* Task to complete
Omit all pictures and transcribe only the lines in the entries below that run from the line with "two girls in" through the line with "Craftsman 917.388201 owner".

* Excerpted records
-=-=-

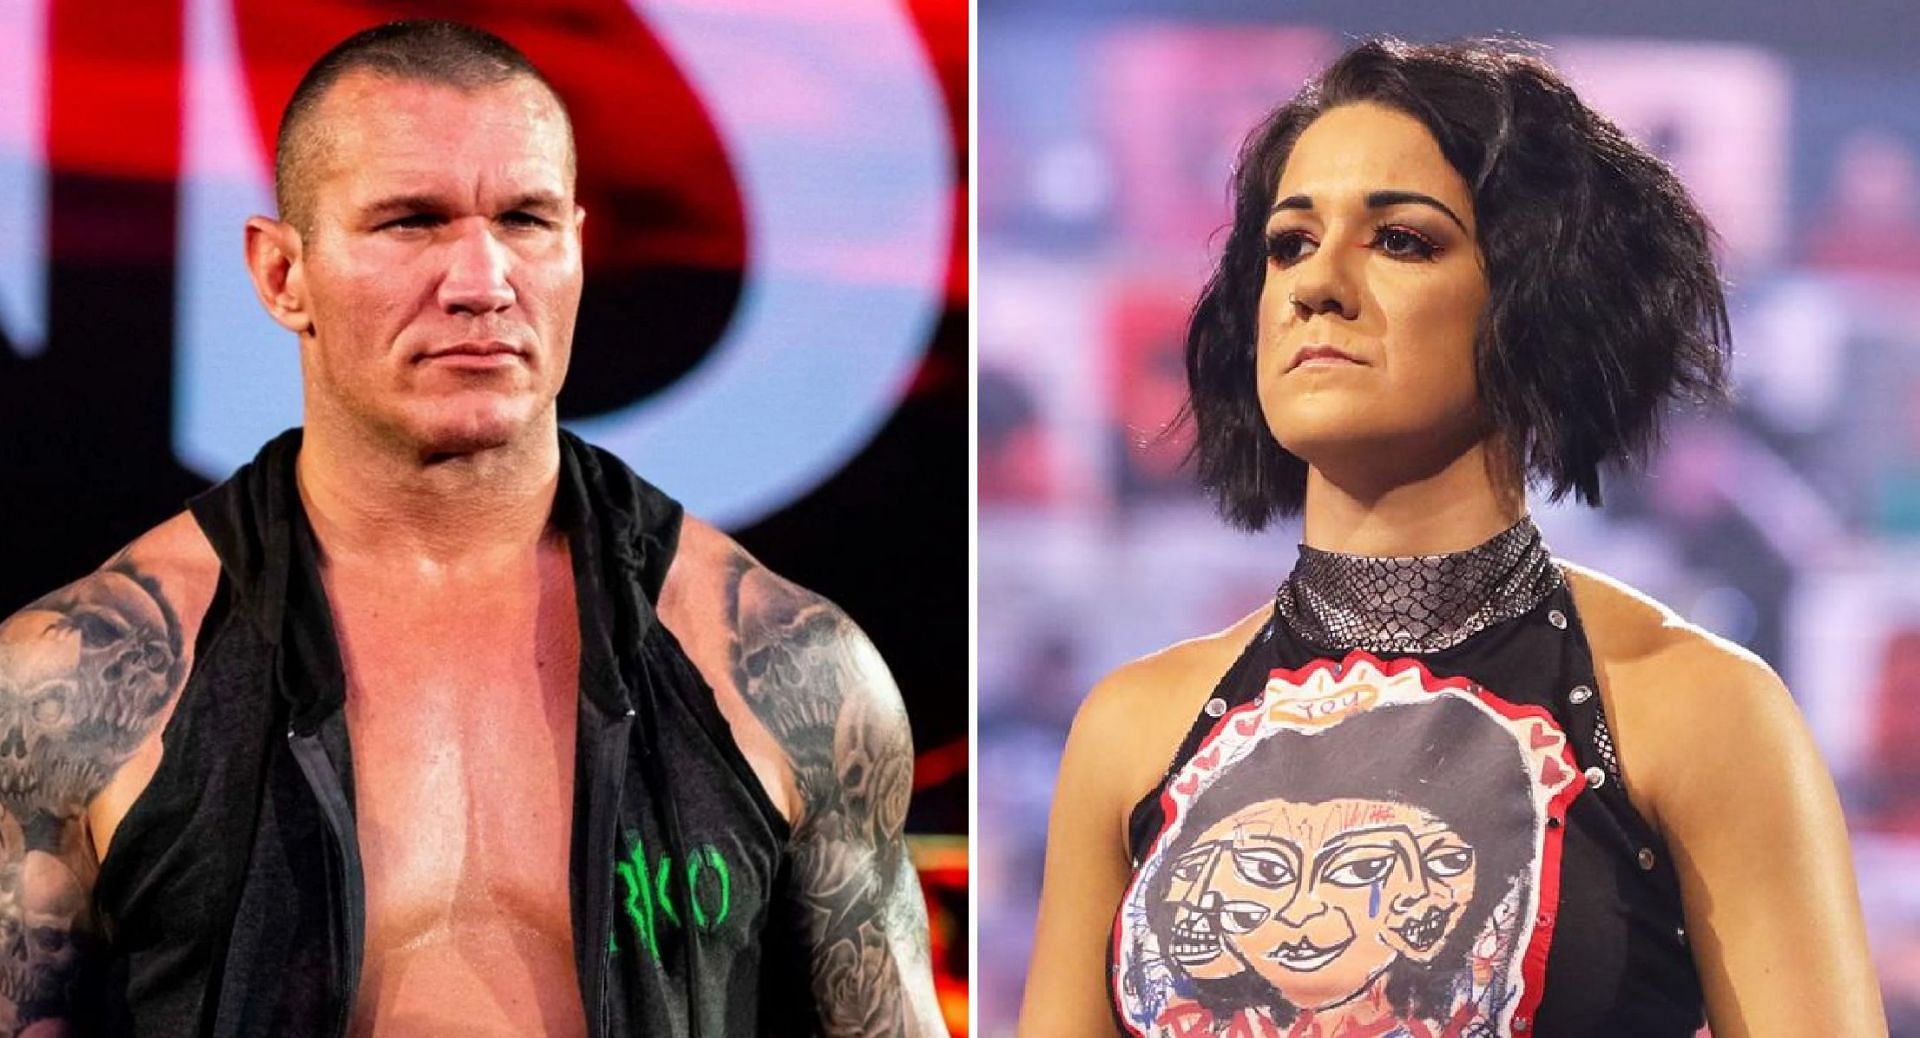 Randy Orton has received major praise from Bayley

-=-=-

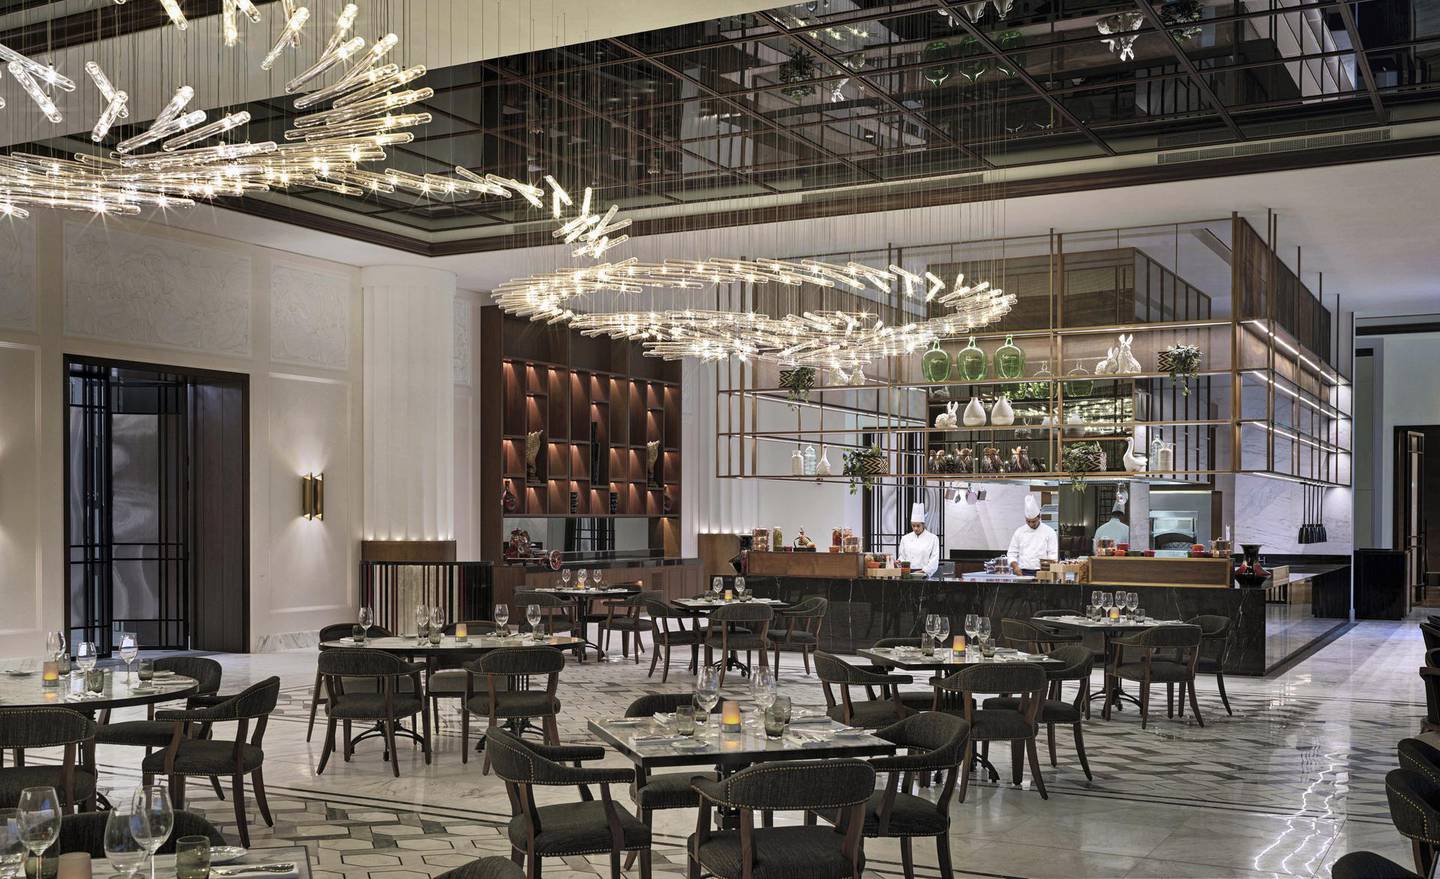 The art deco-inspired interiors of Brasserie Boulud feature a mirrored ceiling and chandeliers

-=-=-

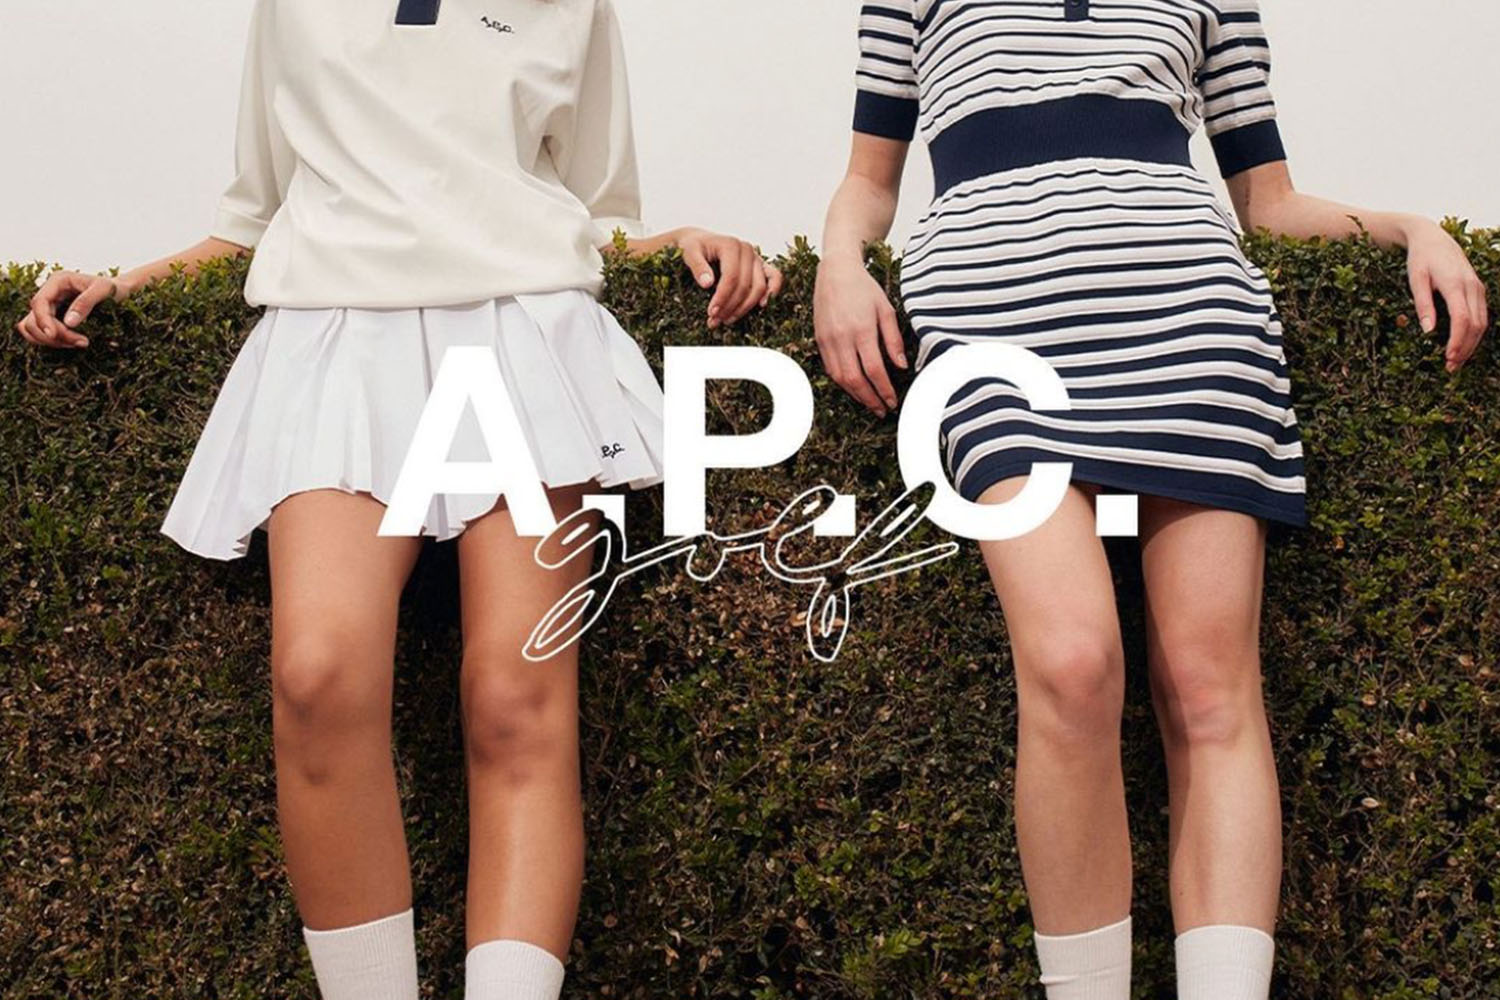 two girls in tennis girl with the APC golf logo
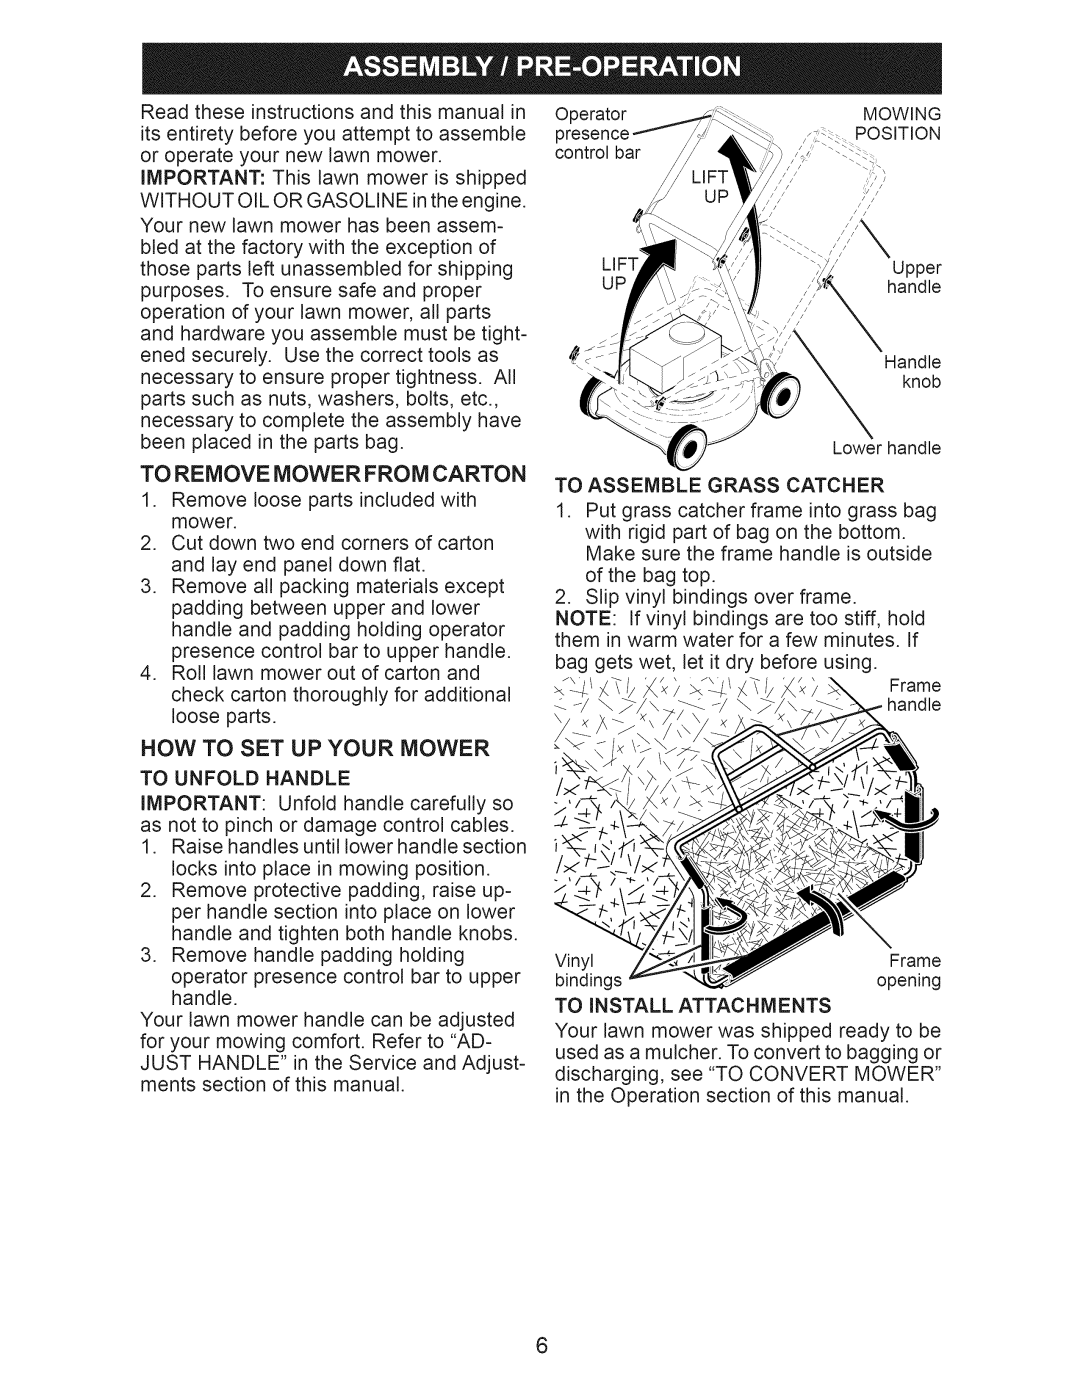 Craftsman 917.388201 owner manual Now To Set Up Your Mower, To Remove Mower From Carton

-=-=-

* Result below
 two girls in tennis girl with the APC golf logo
 Craftsman 917.388201 owner manual Now To Set Up Your Mower, To Remove Mower From Carton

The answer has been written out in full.